The Dutch famine of 1944–1945 has been greatly studied for long-term effects of in utero exposure but less so for postnatal exposure. Famine exposure during adolescence, and to a borderline extent earlier in childhood, increased risk of a later diabetes diagnosis in women but not in men(Reference Portrait, Teeuwiszen and Deeg70). A study which included only women(Reference van Abeelen, Elias and Bossuyt74) found an increased risk of later diabetes by self-report or clinical diagnosis if exposed to famine at any time during childhood and the risk was increased if women reported their famine exposure as severe v. moderate.

Famines in Bangladesh, Hong Kong (on Chinese population), Nigeria, Russia and Austria are represented by one paper each. Early childhood famine exposure in Bangladesh did not affect fasting glucose or glucose response in an OGTT(Reference Finer, Iqbal and Lowe66). In Nigeria, childhood famine exposure had no effect on random blood glucose; unfortunately, the study’s recruitment method precluded use of other tests of glucose metabolism(Reference Hult, Tornhammar and Ueda67). In Hong Kong, self-reported childhood famine exposure was not associated with DM risk(Reference Woo, Leung and Wong81). Childhood famine in Russia was not associated with glucose, insulin, proinsulin or C-peptide in adulthood(Reference Stanner, Bulmer and Andres71). Analysis of a large Austrian national database which included people of a wide age range covering fetal or childhood exposure to several 20th century famines found clear evidence of increased risk of fetal famine exposure but not of childhood exposure(Reference Thurner, Klimek and Szell73). It is unclear why these studies from other countries differ from the general findings of ongoing impaired endocrine pancreas function seen in the Chinese and Dutch famine studies, but differences in famine experience and mortality and in later environment and diet could be important.

Discussion

There is considerably more research on how postnatal malnutrition affects endocrine than exocrine pancreas function. This likely reflects the high prevalence of diabetes globally and its serious health consequences but is in part because there are fewer non-invasive tests of exocrine than endocrine pancreas function available. Some earlier work on exocrine pancreas function used catheters to collect duodenal juice, but such tests are unlikely now to be considered ethically justified for research and the earlier work was of generally poor quality due to low participant numbers, inadequate statistics and consideration of confounding and high risk of selection bias.

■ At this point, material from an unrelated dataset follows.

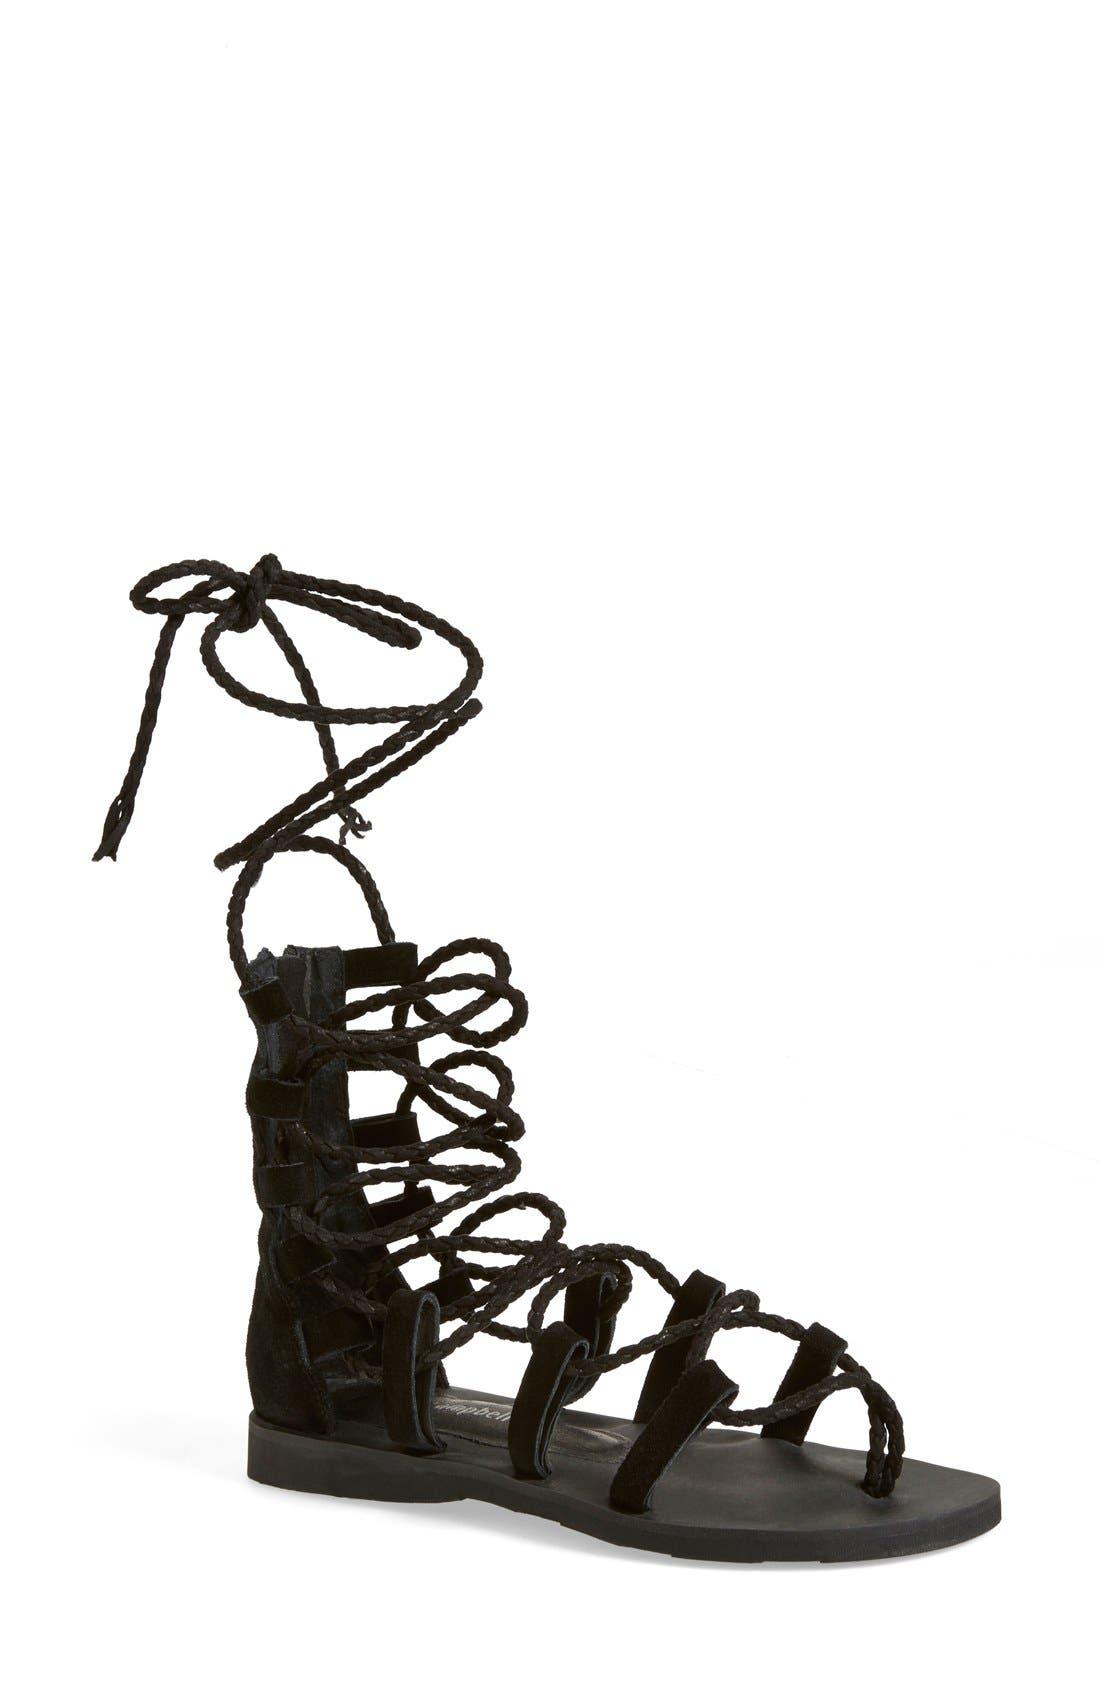 'Hola' Lace-Up Gladiator Sandal,                         Main,                         color, 001

Overall, while there are differences among studies of exocrine pancreas function, it seems that secretion of many pancreatic enzymes is reduced in acute childhood malnutrition. The several papers reporting steatorrhoea suggest that this reduced enzyme secretion may have important functional consequences which, through impaired nutrient absorption, could have contributed to the malnutrition in the first place and would very likely exacerbate it. In most cases, nutritional therapy improved enzyme secretion although not always to control levels, possibly because of varying durations and quality of the therapy. One trial which investigated adding enzyme therapy to nutrition(Reference Bartels, Bourdon and Potani16) found no additional benefits; this was a recent study using current WHO nutritional therapy guidelines which likely provide better nutritional support than was available in earlier studies. Our results are consistent with a previous review(Reference Bartels, van den Brink and Bandsma6) which found an association between malnutrition and decreased exocrine pancreas function but could not determine causality.

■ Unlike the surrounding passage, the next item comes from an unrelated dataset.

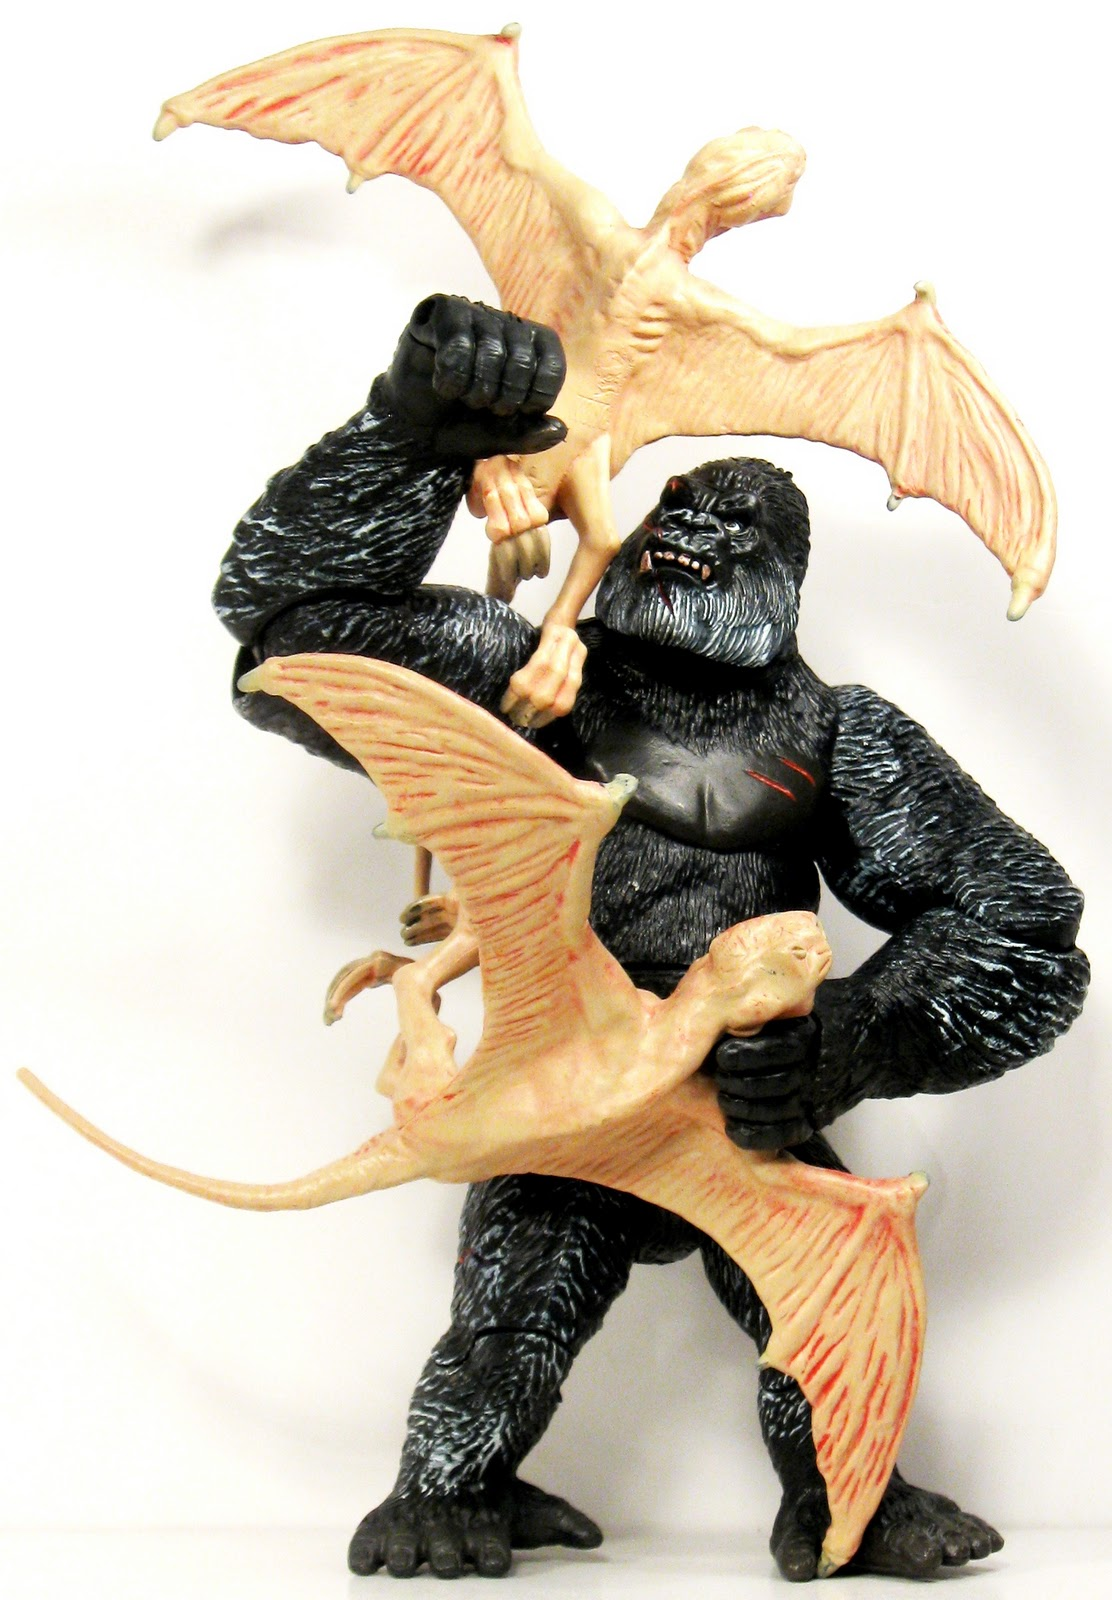 Download Toys and Stuff: Playmates - #66004 Kong vs Terapusmordax

Regarding endocrine pancreas function, there seem to be prolonged impairments in insulin production among people severely malnourished in childhood or adulthood but these are most profound in people who remain malnourished(Reference Pereyra, Lopez-Arana and Horta46,Reference Milner47) . Adults in LMIC recruited when malnourished may have been so through much of their lives(Reference Tandon, George and Sama48,Reference Tandon, Banks and George49) and long-term impairments in AN patients are greatest in those who remain malnourished(Reference Fujii, Tamai and Kumai55,Reference Brown, Ward and Surwit57) . It would be interesting to investigate insulin in people in LMIC of previously good adult nutritional status who first became malnourished in adulthood. However, adult-onset malnutrition often follows serious infections, for example, with HIV or tuberculosis, or cancers so these factors confound the situation. AN remains the most common cause of severe malnutrition resulting mainly from low dietary intake. Since there appear similarities between observations in AN patients, people exposed to famine in childhood(Reference van Abeelen, Elias and Bossuyt74,Reference Wang, Li and Han78) and adults in LMIC, this suggests that it is malnutrition itself, rather than only the accompanying infections, environmental enteropathy and other aspects of living in poverty, that influence pancreatic insulin production(Reference Fujii, Tamai and Kumai55,Reference Kanis, Brown and Fitzpatrick64,Reference Filteau, Praygod and Rehman65,Reference Portrait, Teeuwiszen and Deeg70,Reference van Abeelen, Elias and Bossuyt74) . Furthermore, since AN normally occurs in people who were previously adequately nourished in high-income countries, the results from AN patients suggest that the direction of causality is from malnutrition to impaired pancreas function, although the opposite direction of causality, with pancreas disease causing malnutrition, may also contribute(Reference Sathiaraj, Gupta and Chutke62).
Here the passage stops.